:: EXERCISE DATA ::
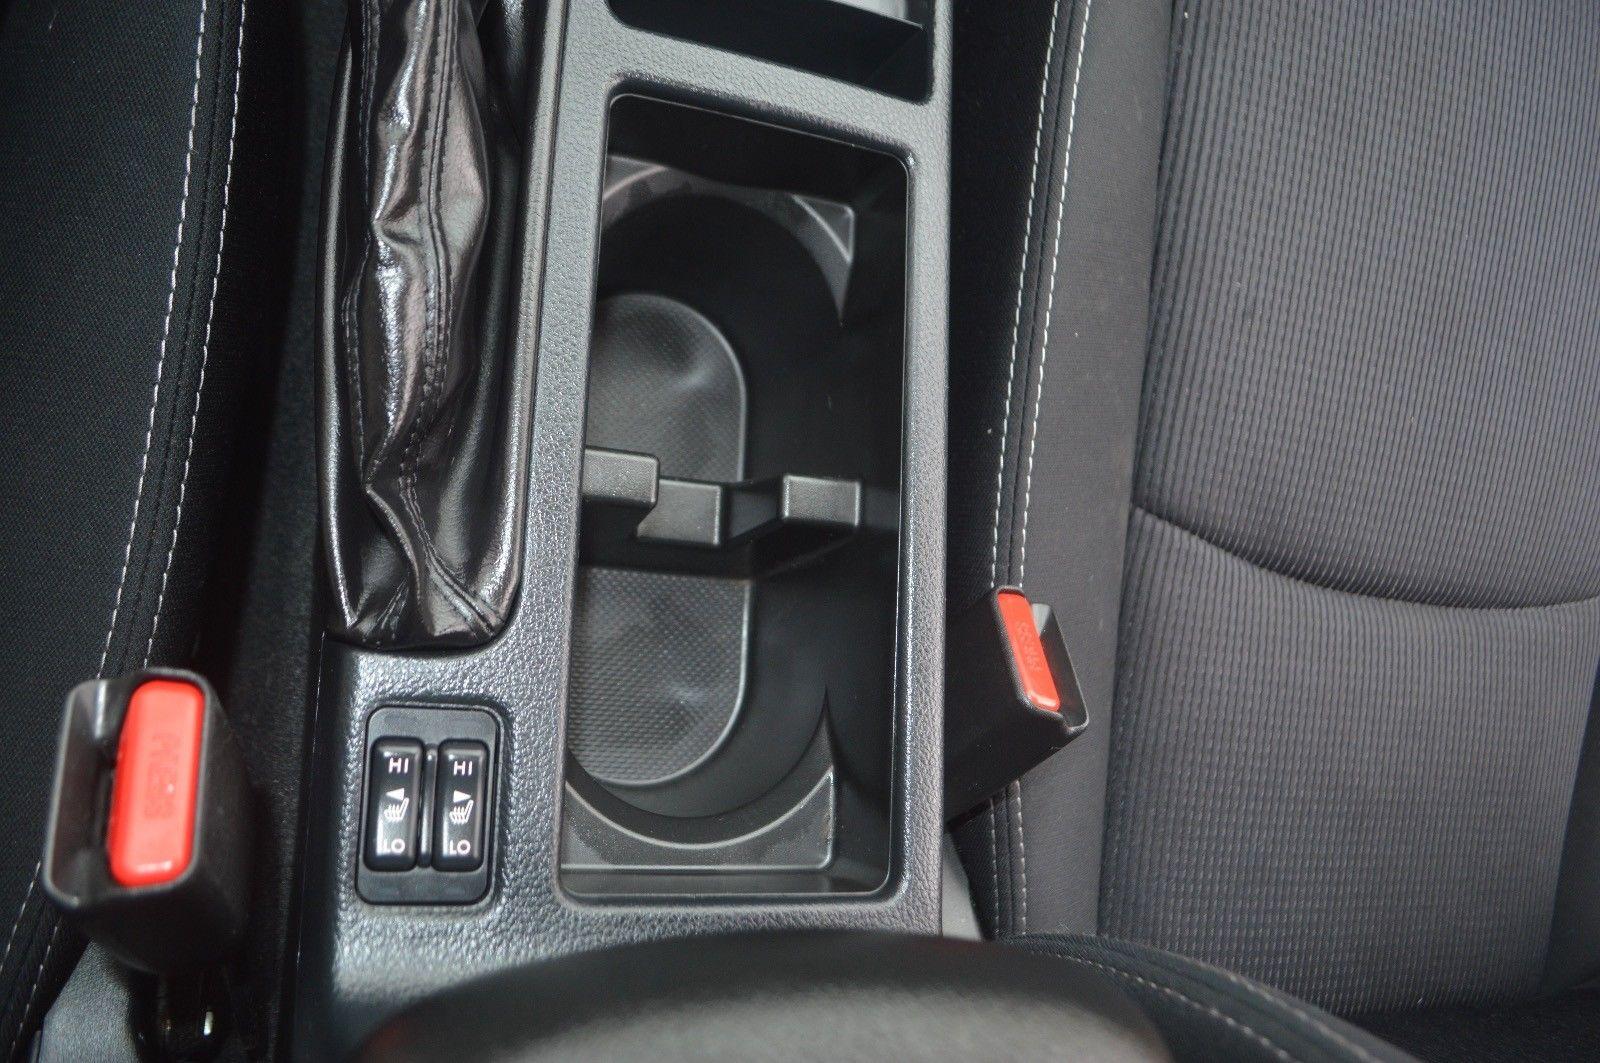 Used Toyota Prius For Sale >> Awesome 2015 Subaru Impreza 2.0i Sport Premium 2015 Subaru ...
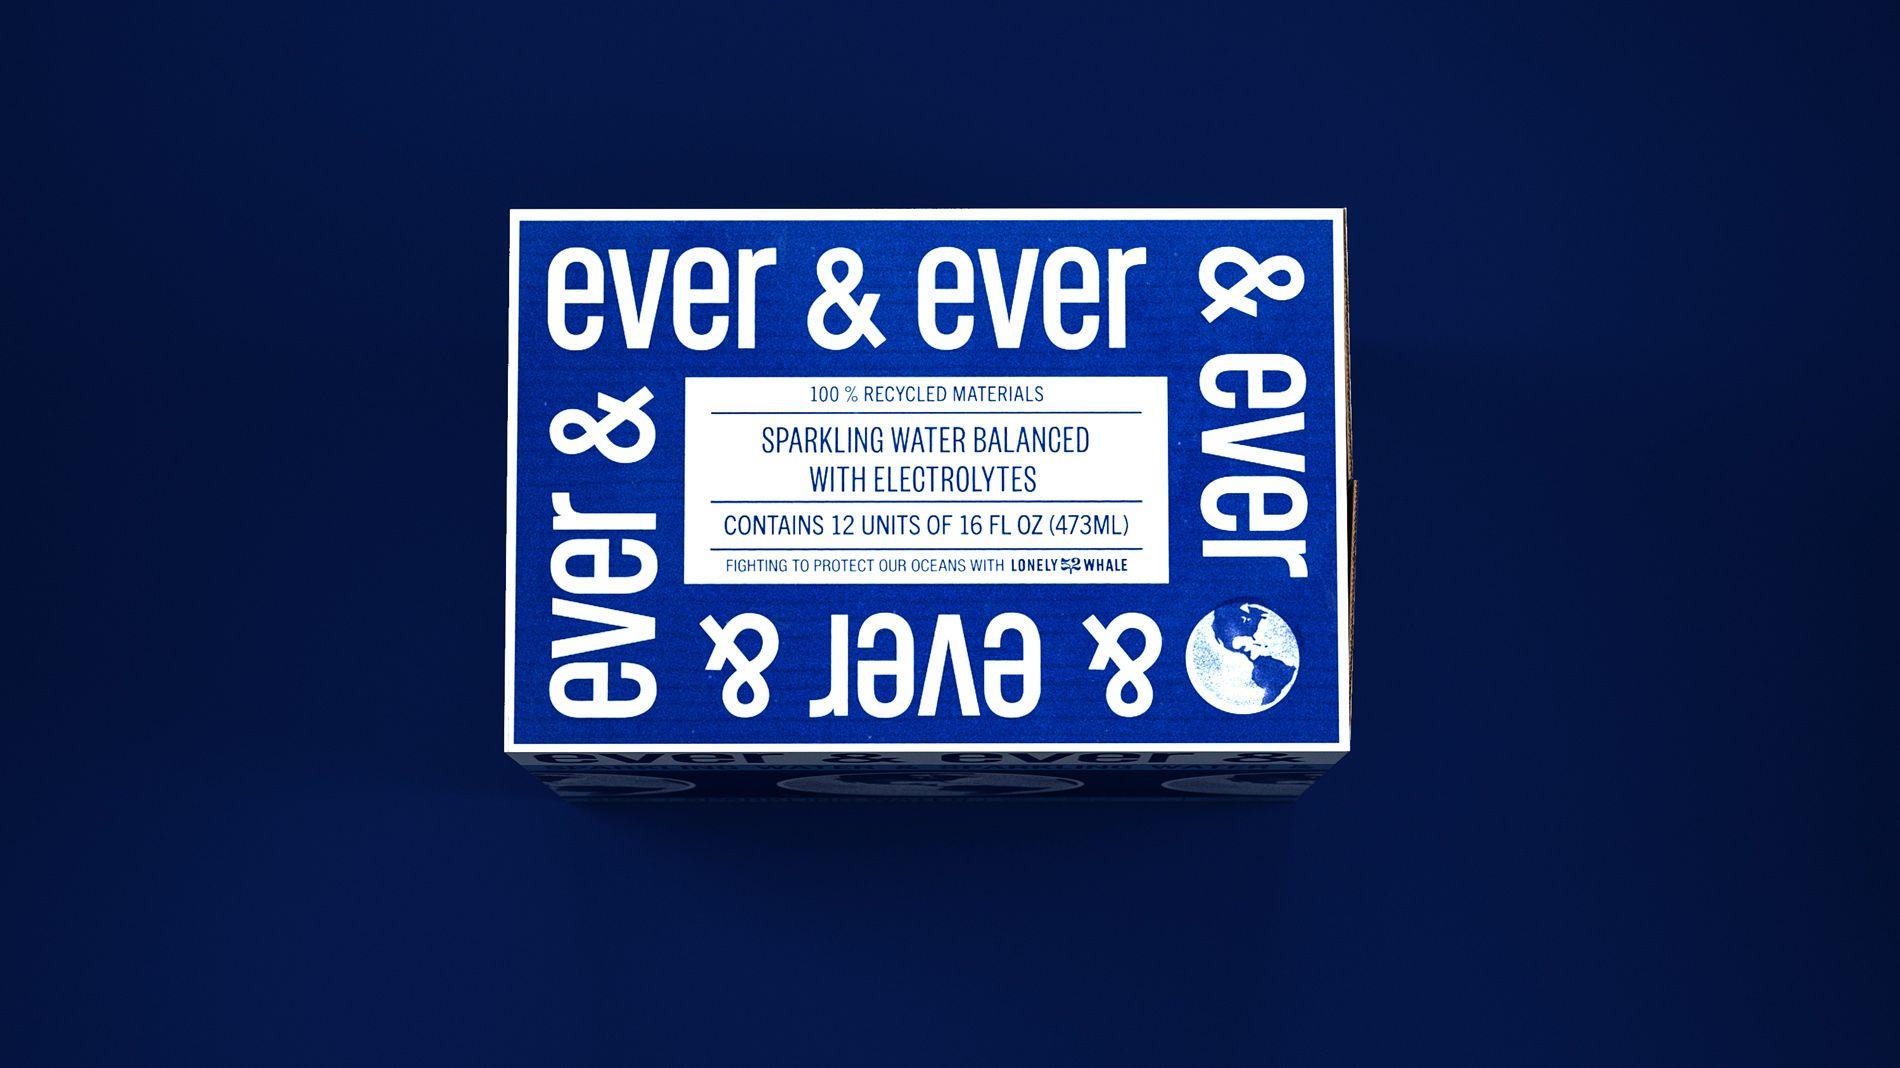 RGB.vn_ever&ever_6
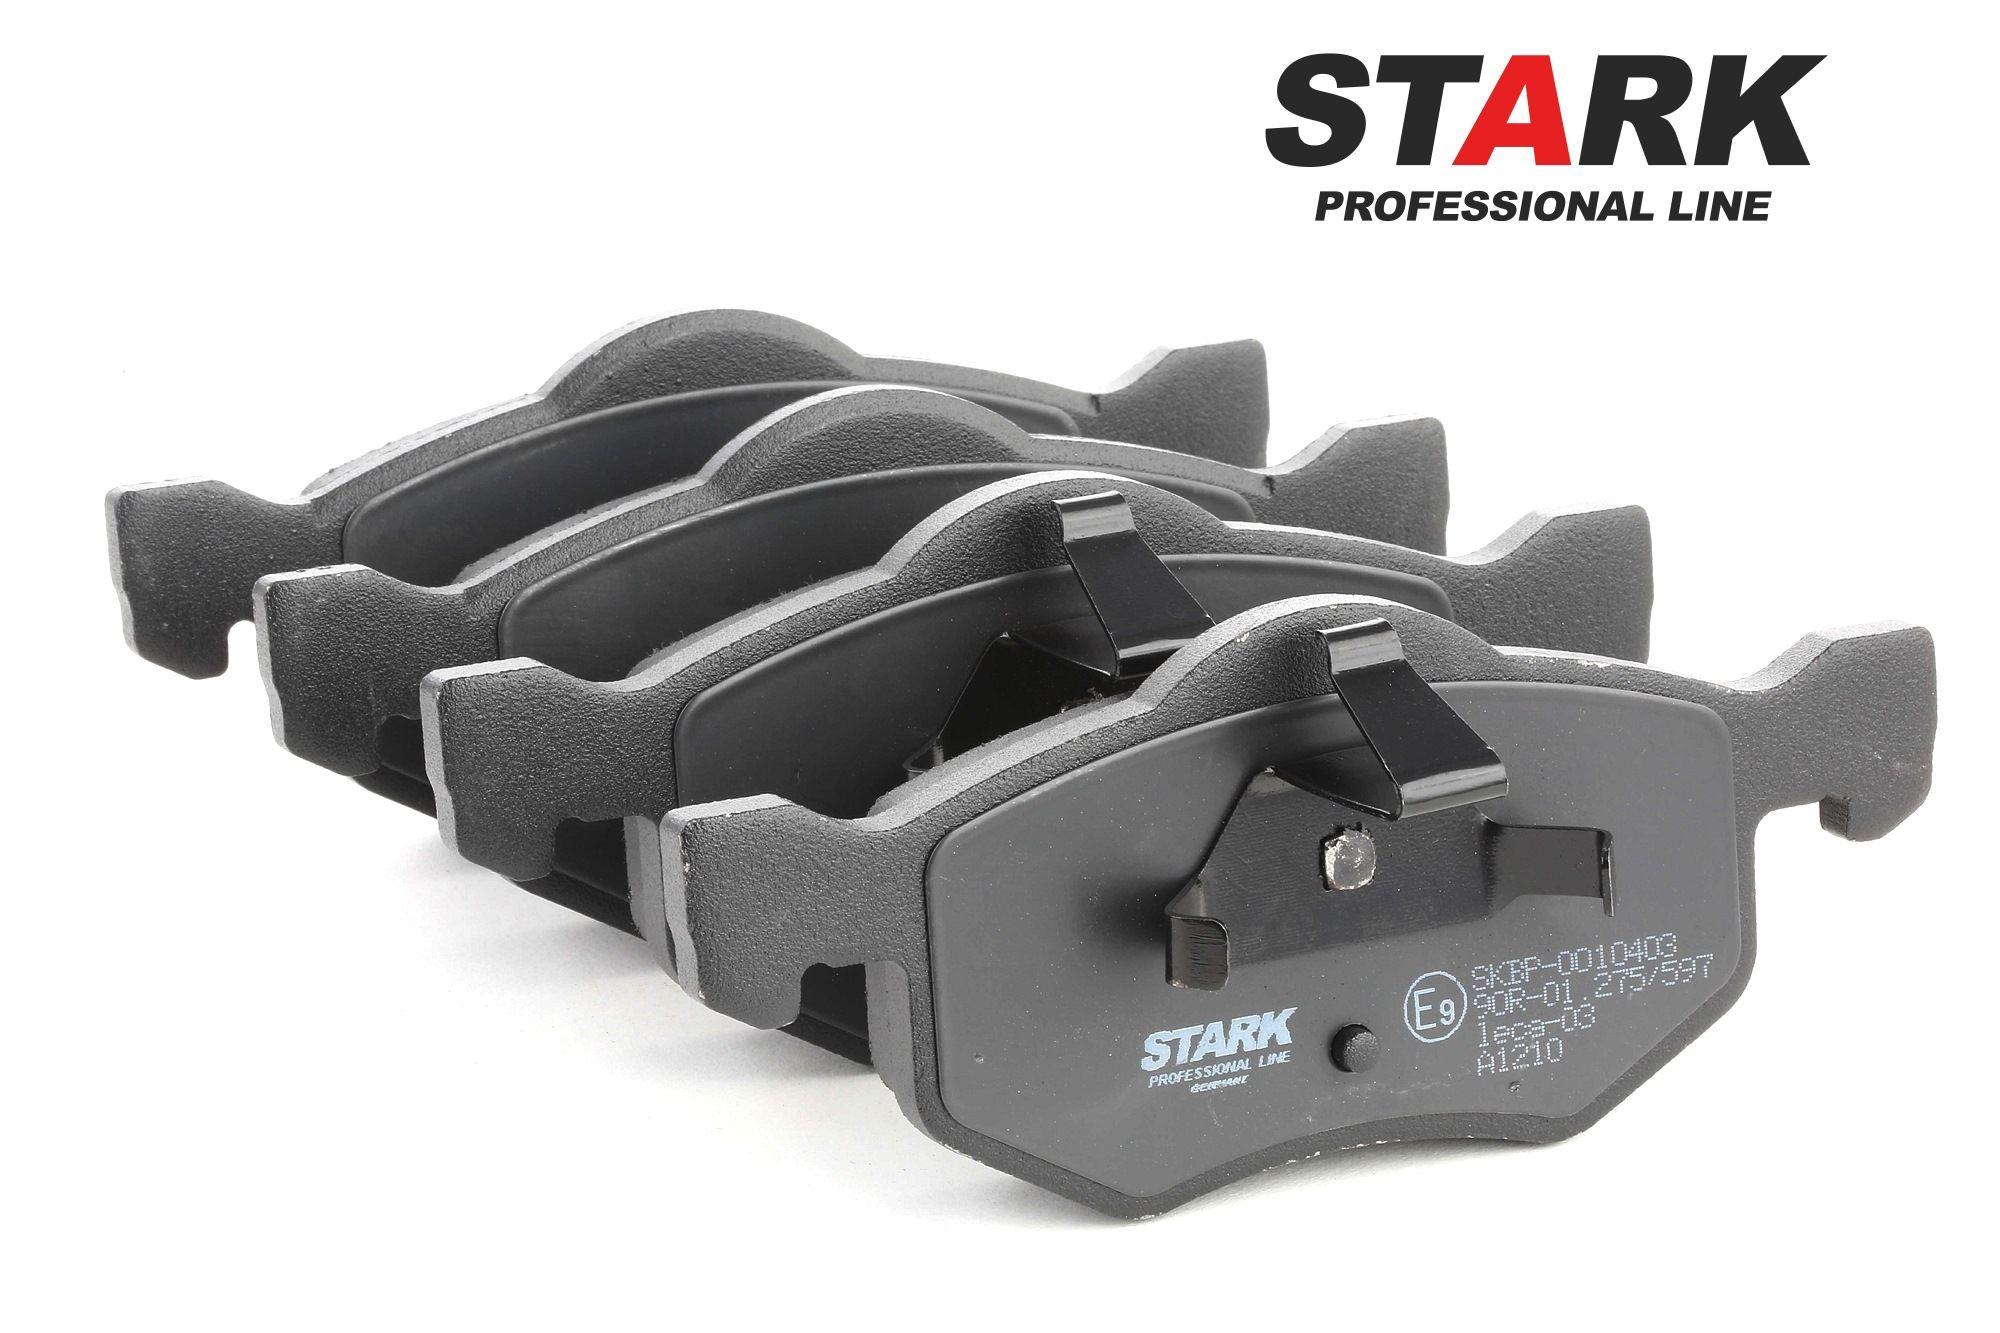 FORD USA ESCAPE 2011 Bremsbelagsatz - Original STARK SKBP-0010403 Höhe: 66,5mm, Breite: 156,3mm, Dicke/Stärke: 18,3mm

:: TASK DIRECTIONS ::
Exclude every picture and restate the listing word for word.

:: SOLUTION ::
 Used Toyota Prius For Sale >> Awesome 2015 Subaru Impreza 2.0i Sport Premium 2015 Subaru ...
 RGB.vn_ever&ever_6
 FORD USA ESCAPE 2011 Bremsbelagsatz - Original STARK SKBP-0010403 Höhe: 66,5mm, Breite: 156,3mm, Dicke/Stärke: 18,3mm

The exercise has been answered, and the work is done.